Этот вывод важен не только для анализа советского политического языка, но и в более широком смысле для анализа любого дискурса. Проблема в том, что анализ таких дискурсивных инструментов, как пресуппозиция, часто сводится к анализу лишь констатирующей составляющей дискурса, а перформативная составляющая при этом игнорируется. Однако в результате определенных изменений (например, «перформативного сдвига», как в случае советского политического языка) смысл пресуппозиций может меняться непредсказуемым образом, оказываясь открытым для новых, незапланированных интерпретаций. Очевидно, что не учитывать перформативную составляющую смысла нельзя.
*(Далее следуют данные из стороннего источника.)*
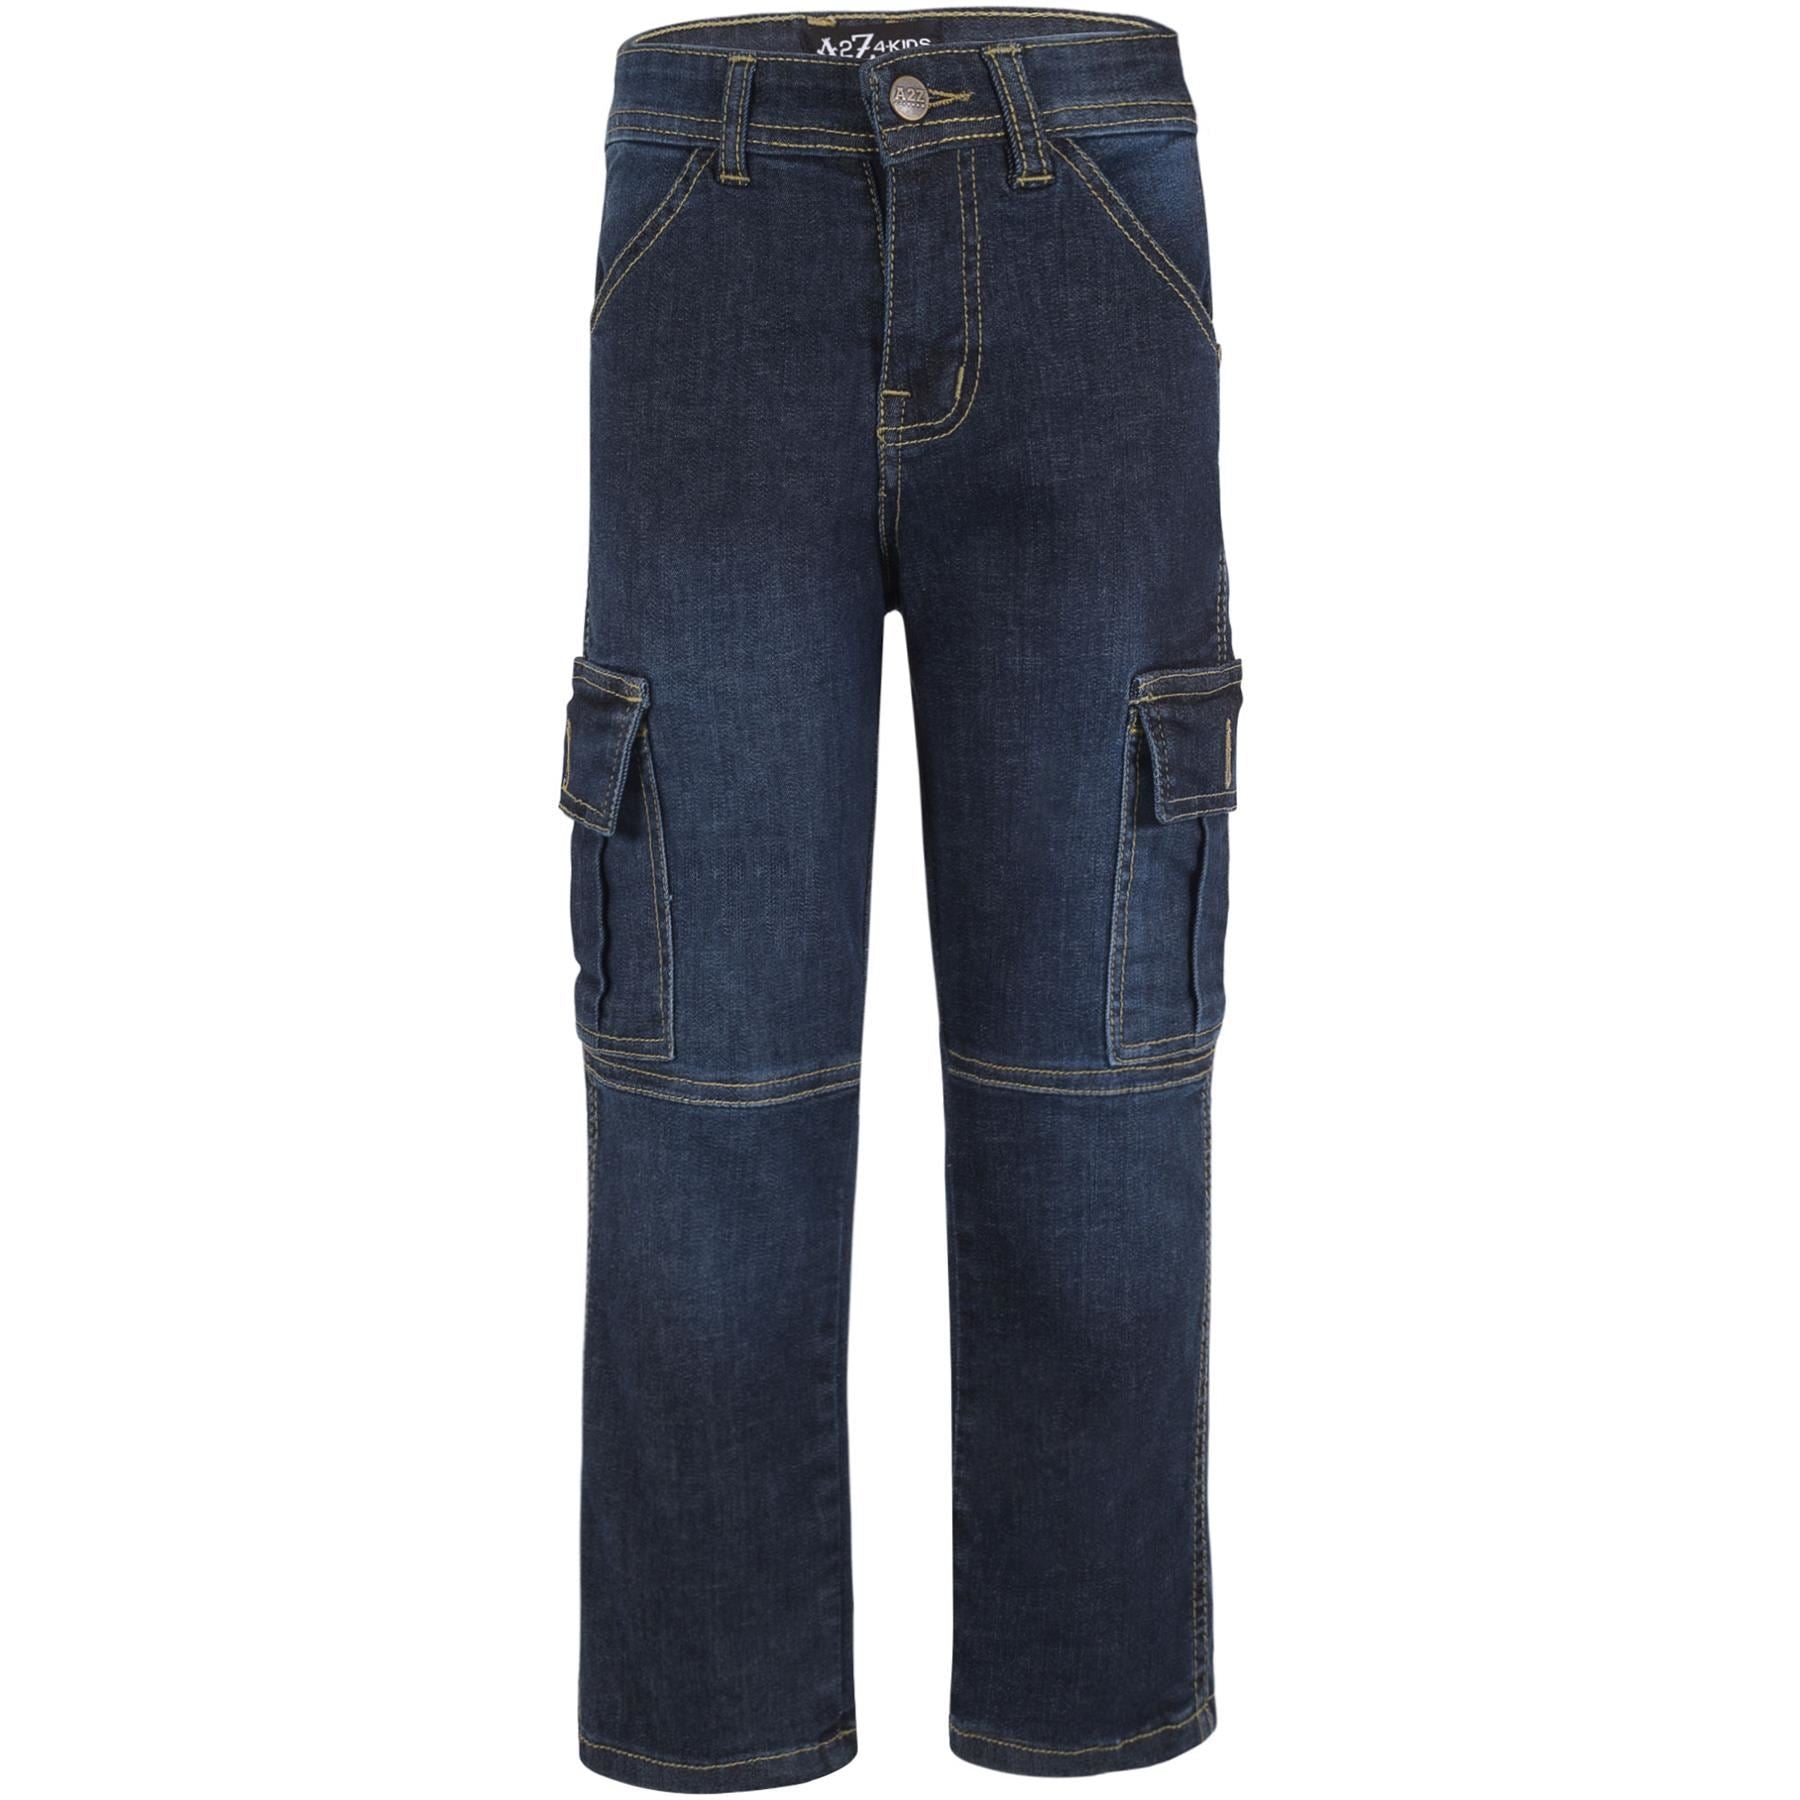 Stylish 6 Pocket Denim Cargo Jeans For Women & Girls

Мы начали эту главу с анализа исторических условий, в которых возник авторитетный язык позднего социализма. Повторим некоторые выводы. В конце 1950-х годов, с исчезновением голоса «внешнего редактора» идеологического языка, который публично комментировал и оценивал идеологические высказывания, структура этого языка изменилась. На уровне формы он претерпел процесс гипернормализации:
его форма застыла, став повторяющейся, легко цитируемой и одновременно по-особому громоздкой. Это изменение авторитетного языка не было кем-то специально запланировано. Оно произошло спонтанно, в результате изменения некоторых исторических условий: во-первых, с исчезновением внешнего редактора идеологических высказываний исчезла и четкая норма этих высказываний; во-вторых, огромное количество людей, участвовавших в воспроизводстве авторитетных высказываний, теперь пыталось сделать свой авторский голос в таких текстах менее заметным и выраженным. Все авторы авторитетных текстов, включая даже руководство партии, теперь выступали в роли ретрансляторов известной информации, а не производителей новой. Авторитетный язык потерял функцию буквального описания реальности, приобретя новую перформативную функцию. Для большинства советских граждан теперь было куда важнее участвовать в повторении точных лингвистических форм этого языка, чем воспринимать их как буквальную репрезентацию реальности.В «бинарных» моделях социализма, о которых мы критически писали в главе 1, советский авторитетный язык этого периода ошибочно рассматривается как ложная репрезентация
действительности. А перформативная составляющая этого языка полностью игнорируется. Поэтому в них делается вывод о том, что советская действительность якобы трансформировалась либо в пространство всеобщей лжи, либо в некий постмодернистский мир, в котором реальность вообще перестала существовать, превратившись в симулякр. Примером последнего служит следующий вывод Михаила Эпштейна о советском языке. Эпштейн пишет:Никто не знает точно… были ли в действительности собраны урожаи, о которых сообщалось в сталинский или брежневский период советской истории. Но сам факт того, что количество распаханных гектаров и намолоченных тонн зерна всегда сообщалось с точностью до десятой доли процента, придавал этим симулякрам характер гиперреальности… Реальность, отличающаяся от идеологии, попросту перестала существовать
— ее заменила гиперреальность, которая была более осязаемой и надежной, чем что-либо другое. На советской территории «сказка стала былью», как и в американском образчике гиперреальности, Диснейленде, где сама реальность превратилась в «мир грез»{138}.